All hail CAESA!

CAESA, Computer-Aided Estimation of Synthetic Accessibility, has a simple aim: to score a target compound by estimating the difficulty faced in attempting to synthesise it in the chemical laboratory and produce a list of starting materials for the synthesis. It can do so within a few seconds, far faster than a team of post-docs checking laboratory shelves and supply catalogues, Indeed, CAESA can provide feasible solutions to some very complex synthetic problems.

The program works partly by analysing a target chemical's structure for complex features such as fused or bridged rings and assigning a complexity score. CAESA also recognises that apparent complexity might be circumvented if starting materials incorporating these complex features are available. By carrying out a retrosynthetic analysis, CAESA program works backwards from the target looking for appropriate and available starting materials that could be stitched together by known chemical reactions to rebuild the product. A higher score means a more difficult or a lower-yielding reaction.

It sounds like a straightforward and sensible idea. A medicinal chemist may have designed a nice molecule to dock with a diseases enzyme, but how easy will be making the compound for testing. To be commercially useful CAESA must match synthetic chemists doing the job themselves. There are four criteria on which a judgement might be made.

First, the program should find the lowest required number of synthetic steps. Secondly, it must take into account the reaction difficulty and/or the plausible yields at each step. Thirdly, starting materials selected have to be either "off-the-shelf" or easily made in any laboratory. The developers collaborate with supply companies including Acros, Lancaster and Sigma Aldrich to keep the databases of starting materials current. There are about 75000 structures included in the starting materials database of the CAESA package at present. Finally, the scheme must involve the minimal number of FGIs (Functional Group Interconversions); syntheses that have many FGIs are never easy, or cheap.

For example, the simple FGI halide conversion to an alcohol is assigned a rating of 1. In contrast, a much more sophisticated chemical change, such as the Pauson-Khand reaction, which is a [2+2+1] cycloaddition and converts an alkene, alkyne, and carbon monoxide producing a cyclopentenone scores 4 in CAESA's eyes.

Users have a degree of control over how CAESA will rank a product's synthetic complexity. Synthetic distance is input to begin the analysis and this can be used to limit the total difficulty or number of steps a user will tolerate. CAESA then selects starting materials based on their total coverage of the target compound, so that the starting material which covers the most area will be the most favoured. CAESA's underlying mode of action is a rule-based expert system, various built-in knowledge bases carry out different functions in order to identify starting materials and estimate the synthetic accessibility.

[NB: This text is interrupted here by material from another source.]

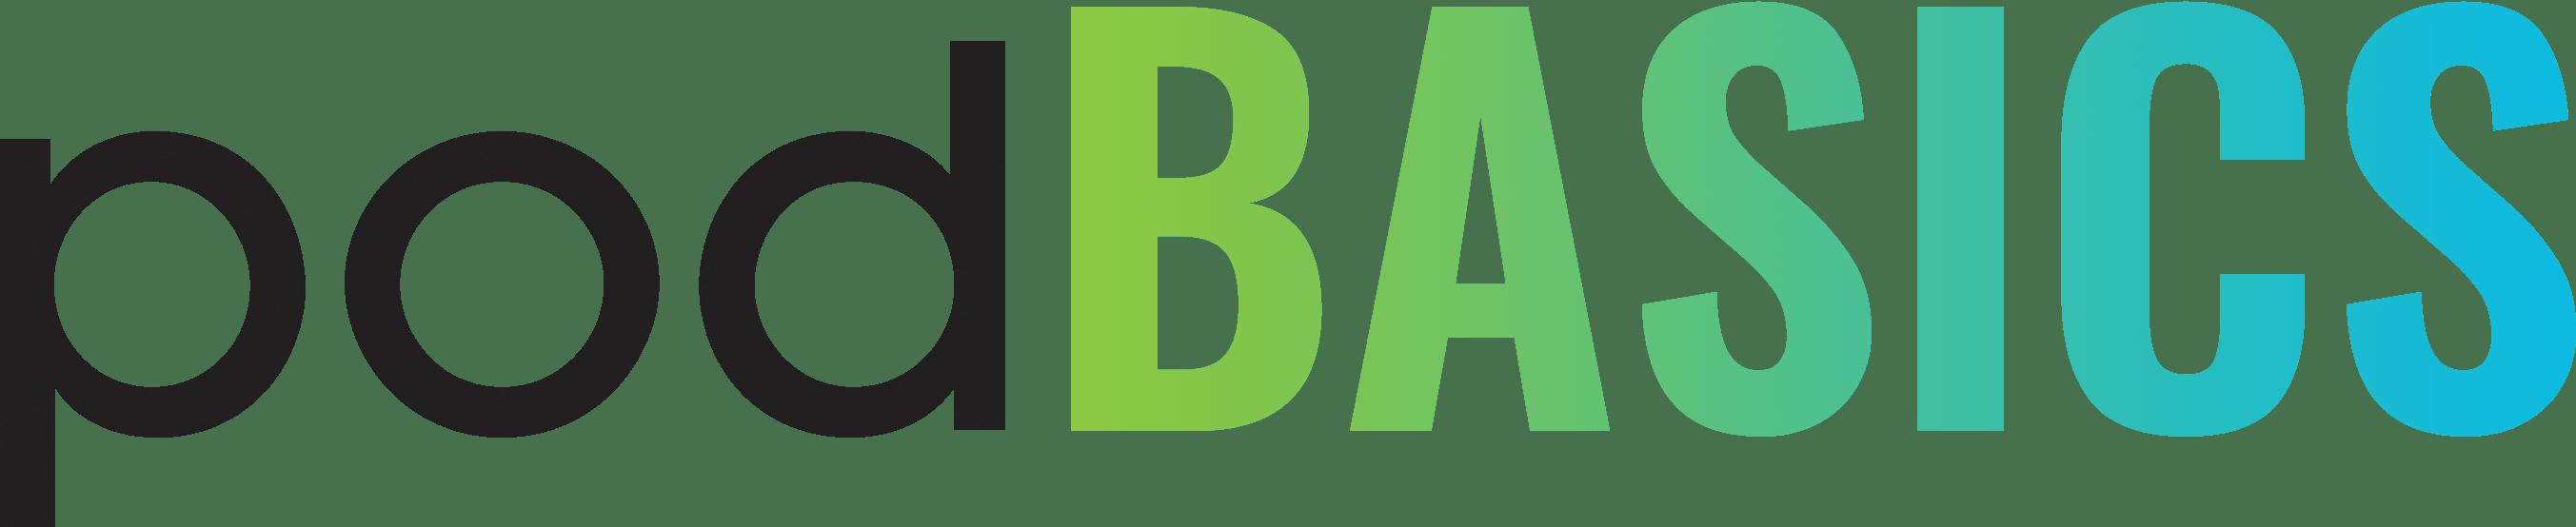 pod-logos-basics

CAESA has three ever-growing retrosynthetic knowledge bases, each containing different transformations and information to allow an evaluation to be carried out. The first contains strategic disconnections, the retrosynthetic equivalent of a bond-making reaction. These simple and versatile disconnections, such as amide or ester disconnections, all CAESA to cut a large target molecule into manageable chunks. The second knowledge base contains more general disconnections. This database is the main information source of the program called into action in most analyses. The third knowledge base contains simple FGIs, and is used to transform simple intermediates. Another trick up CAESA's sleeve is in exploiting a two-directional approach to the analysis. Some simple synthetic transformations are applied to all starting materials in the database generating an expanded virtual library of available materials.

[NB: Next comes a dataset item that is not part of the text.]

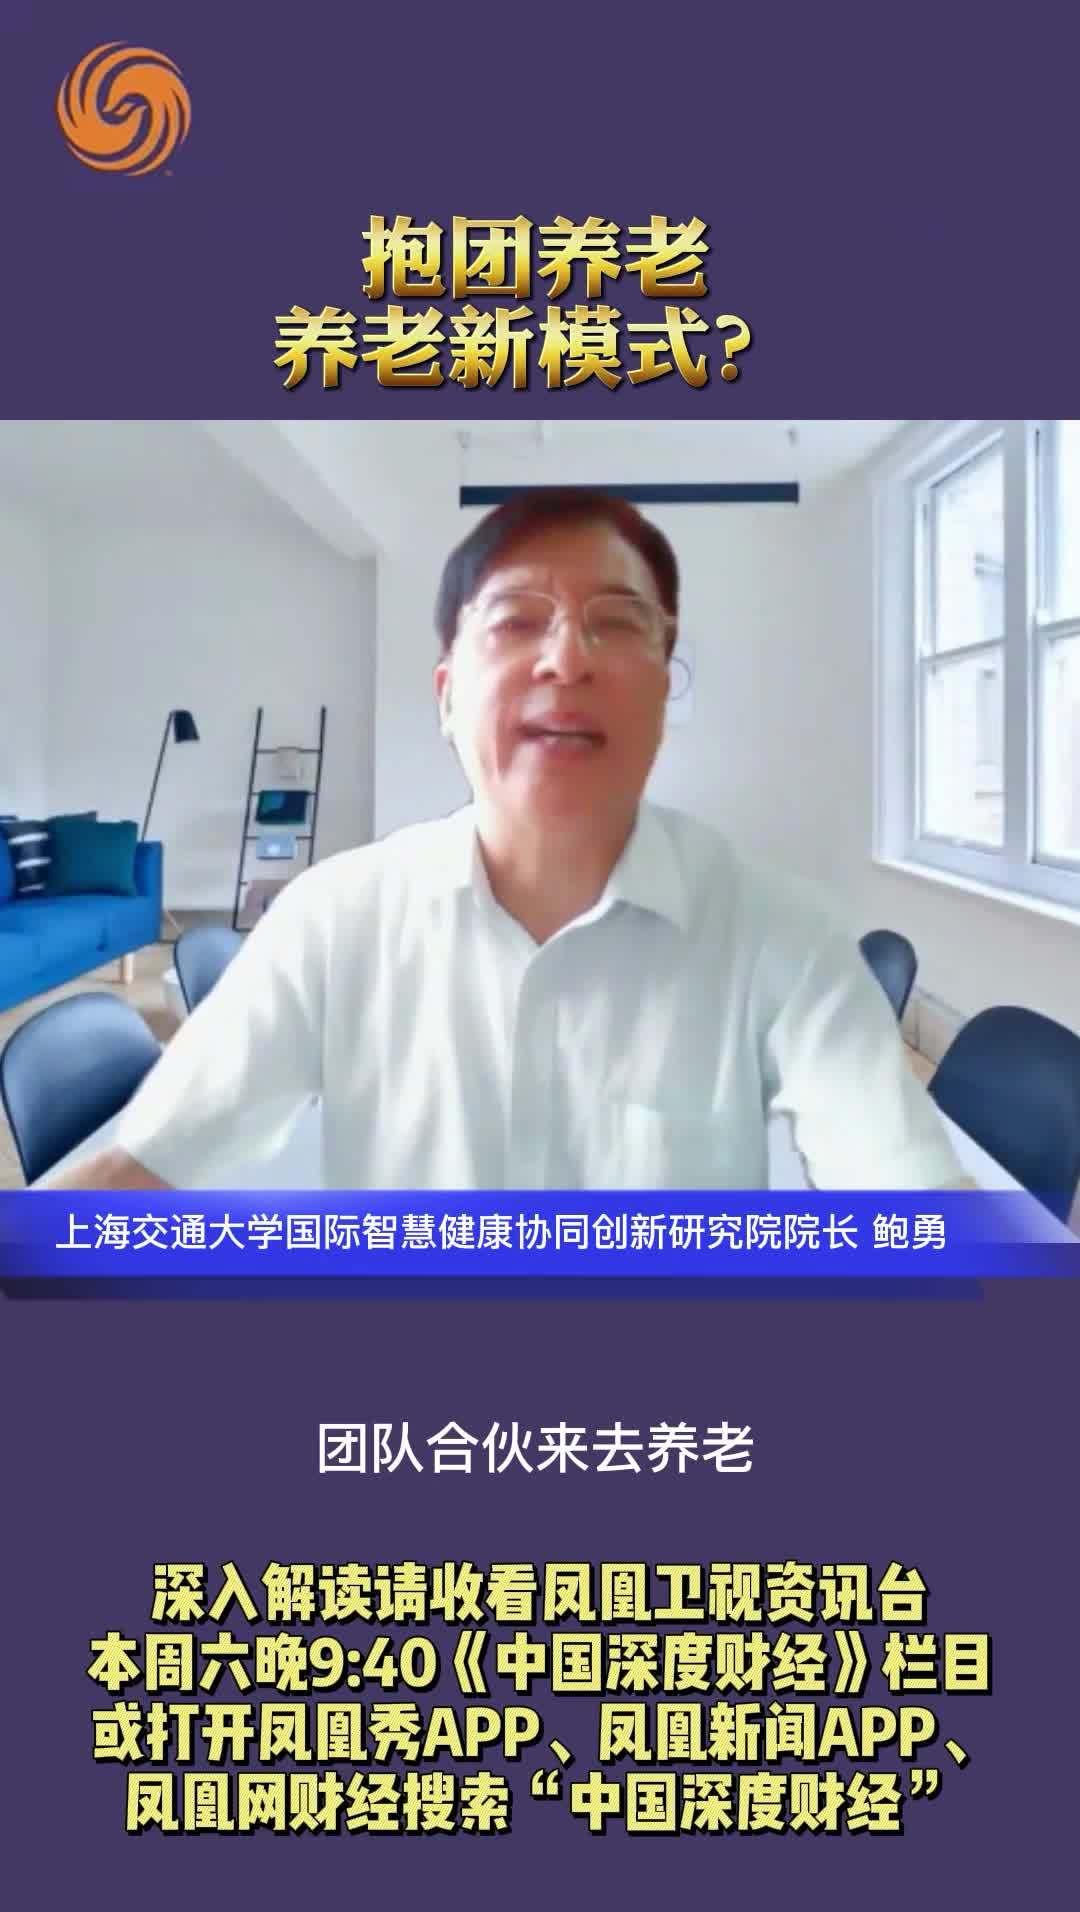 上海交通大学国际智慧健康协同创新研究院院长鲍勇:抱团养老,养老新模式?

The developers carried out a number of validation tests on CAESA with 75 disparate chemical structures. The primary test, involved comparing CAESA's answers with those devised by a group of expert synthetic chemists at a large pharmaceutical company. Out of the 75 target structures, 65 analyses were in full agreement with the schemes generated by the experts. Of the ten cases that were not quite right, seven contained fused heterocycles. Information on these common but synthetically complex groups is not currently included in CAESA in great detail but will be added in a future release. The same applies to compounds with phosphate groups, an area with few transformations. Most synthetic chemists know far more reactions than CAESA has in its current knowledge base, but in contrast, CAESA knows far more about the commercial availability of starting materials. CAESA has arrived, analysed and could one day conquer.

Industrial chemists and pharmaceutical scientists will love CAESA - it saves them time and effort! It allows targets to be assessed and organised according to complexity of synthesis as well as helping in the search for more efficient routes to a compound.

CAESA started life in the chemistry department at Leeds University. The client side works via a web-browser on any operating system and in a server side system can be customized to the users own databases and ways of working.